WORK INSTRUCTION
Print only the lines below, from the very first to the one containing "Loic Bruni secured", exactly as they stand. Do not print pictures.

RECORDED INFORMATION

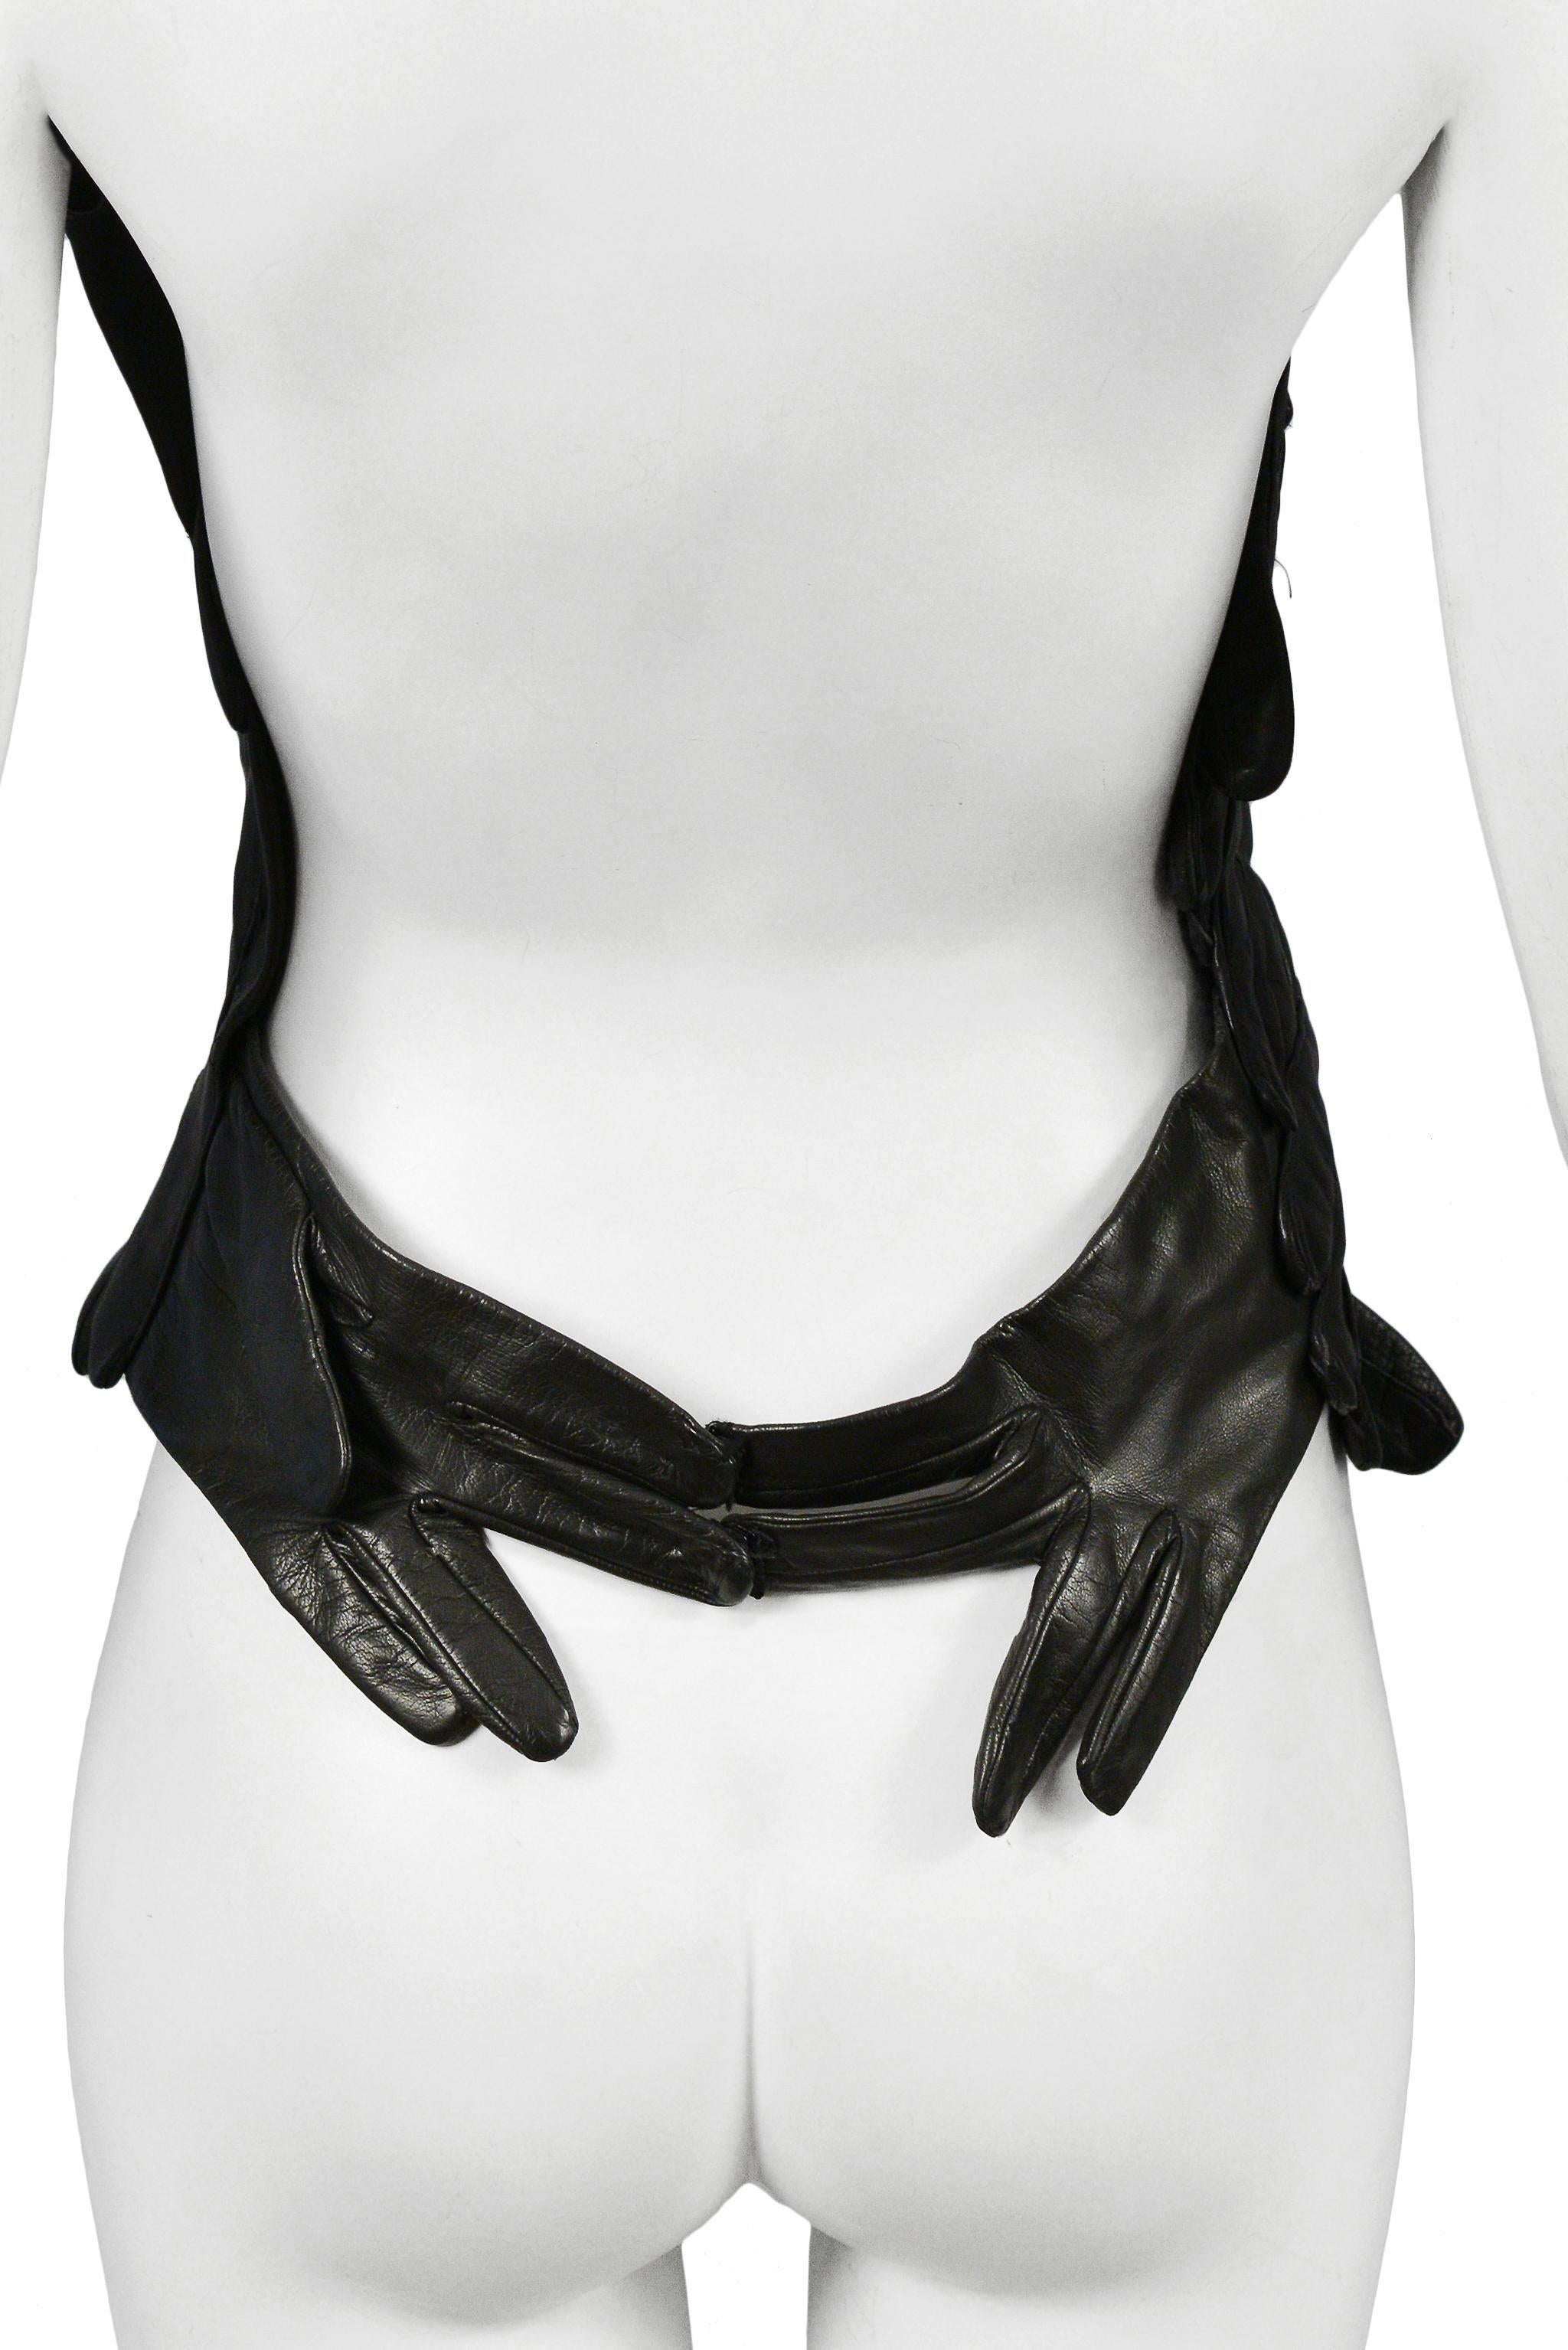 Vintage Maison Martin Margiela Artisanal Black Leather Glove Top 2001 In Excellent Condition For Sale In Los Angeles, CA
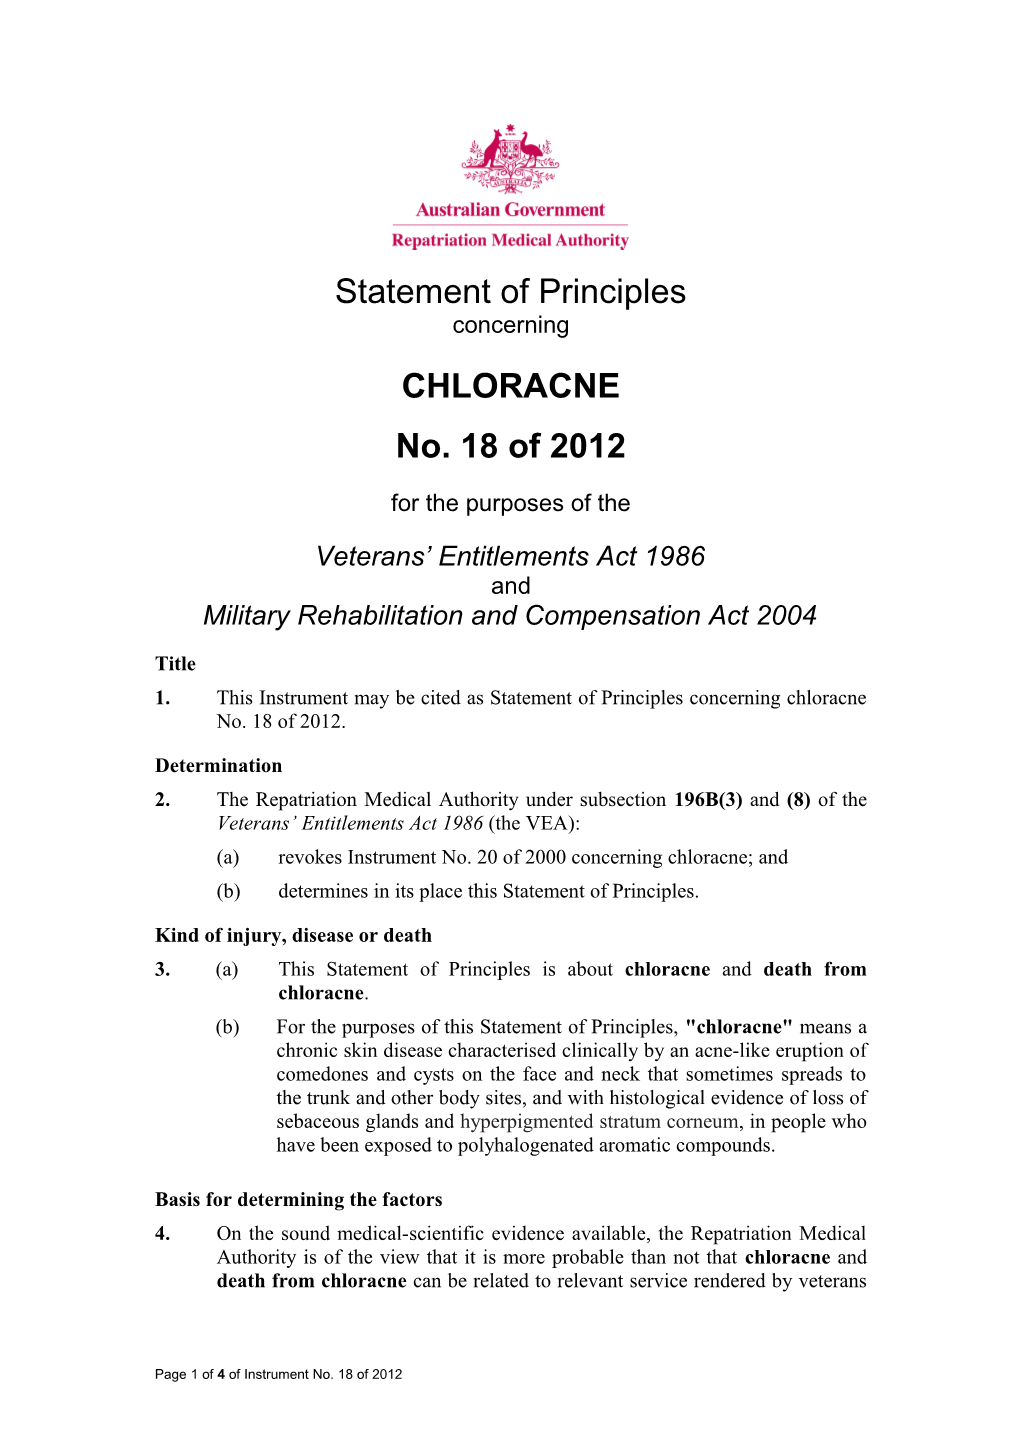 Statement of Principles 18 of 2012 Chloracne Balance of Probabilities
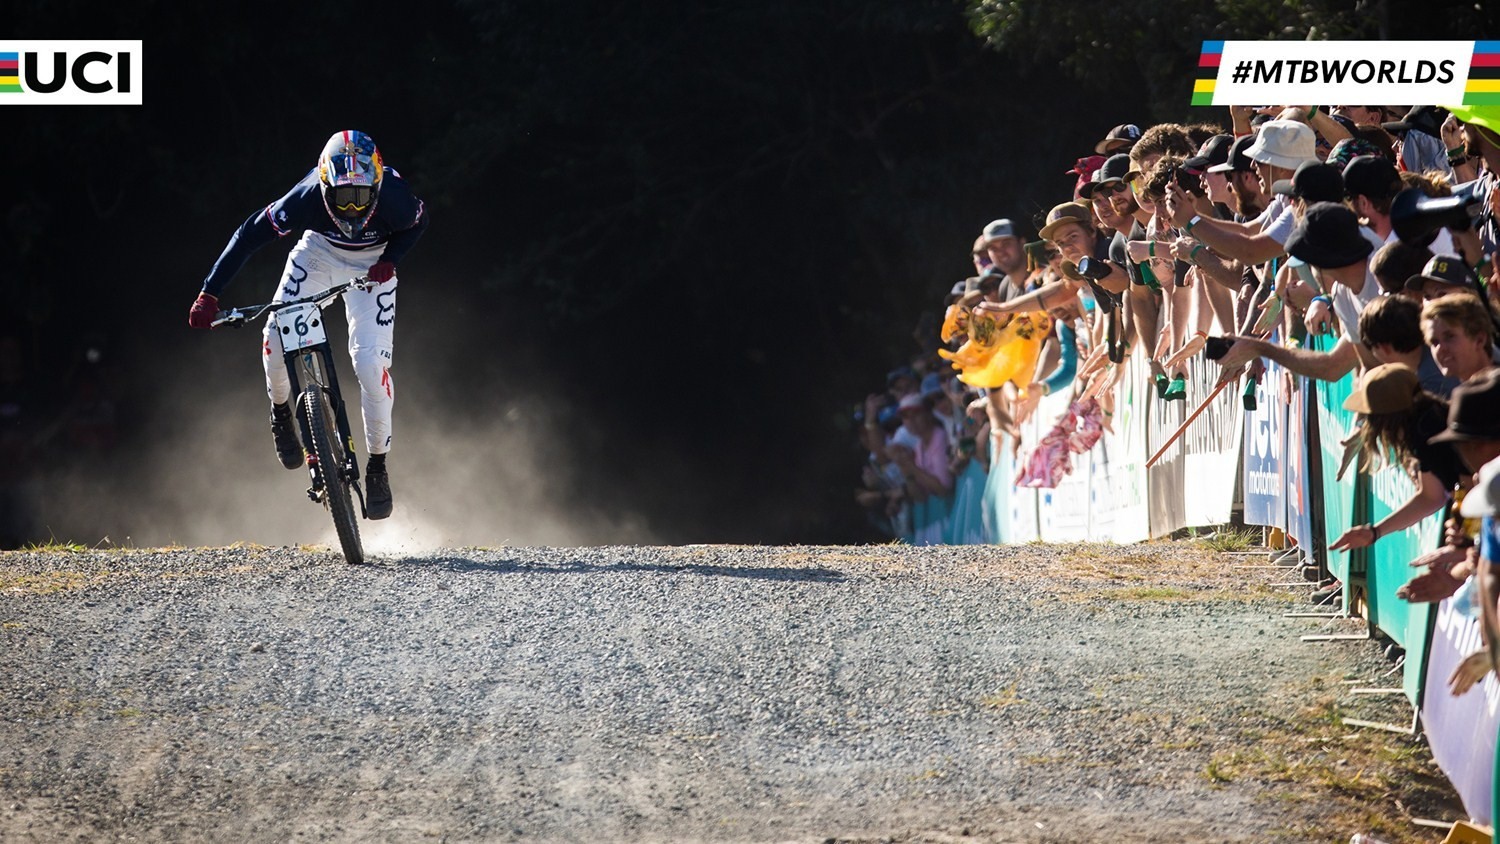 Loic Bruni secured his second senior downhill world title ©UCI
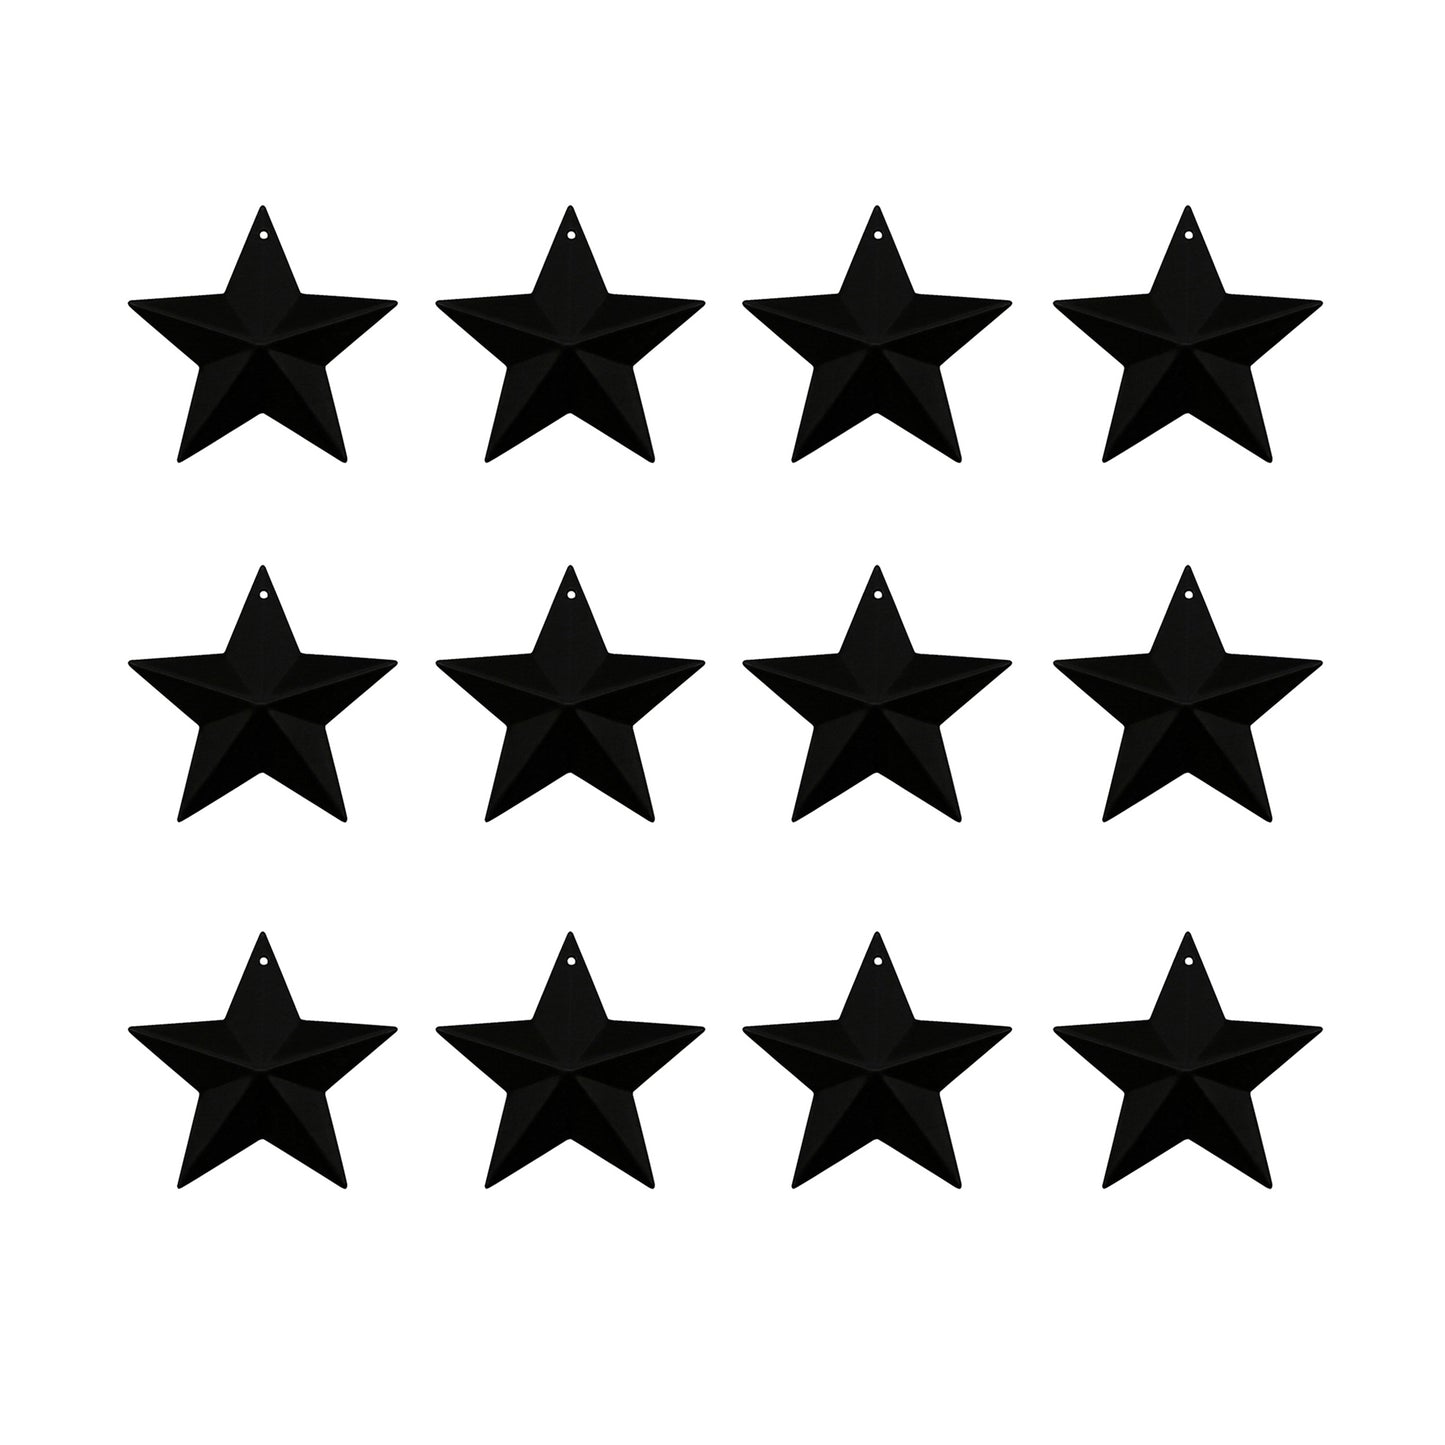 CVHOMEDECO. Country Rustic Primitive Vintage Gifts Black Small Metal Barn Star Wall/Door Decor, 2.5 Inch, Set of 12.

OUTPUT OF THE TASK
 Vintage Maison Martin Margiela Artisanal Black Leather Glove Top 2001 In Excellent Condition For Sale In Los Angeles, CA
 Statement of Principles 18 of 2012 Chloracne Balance of Probabilities
 Loic Bruni secured his second senior downhill world title ©UCI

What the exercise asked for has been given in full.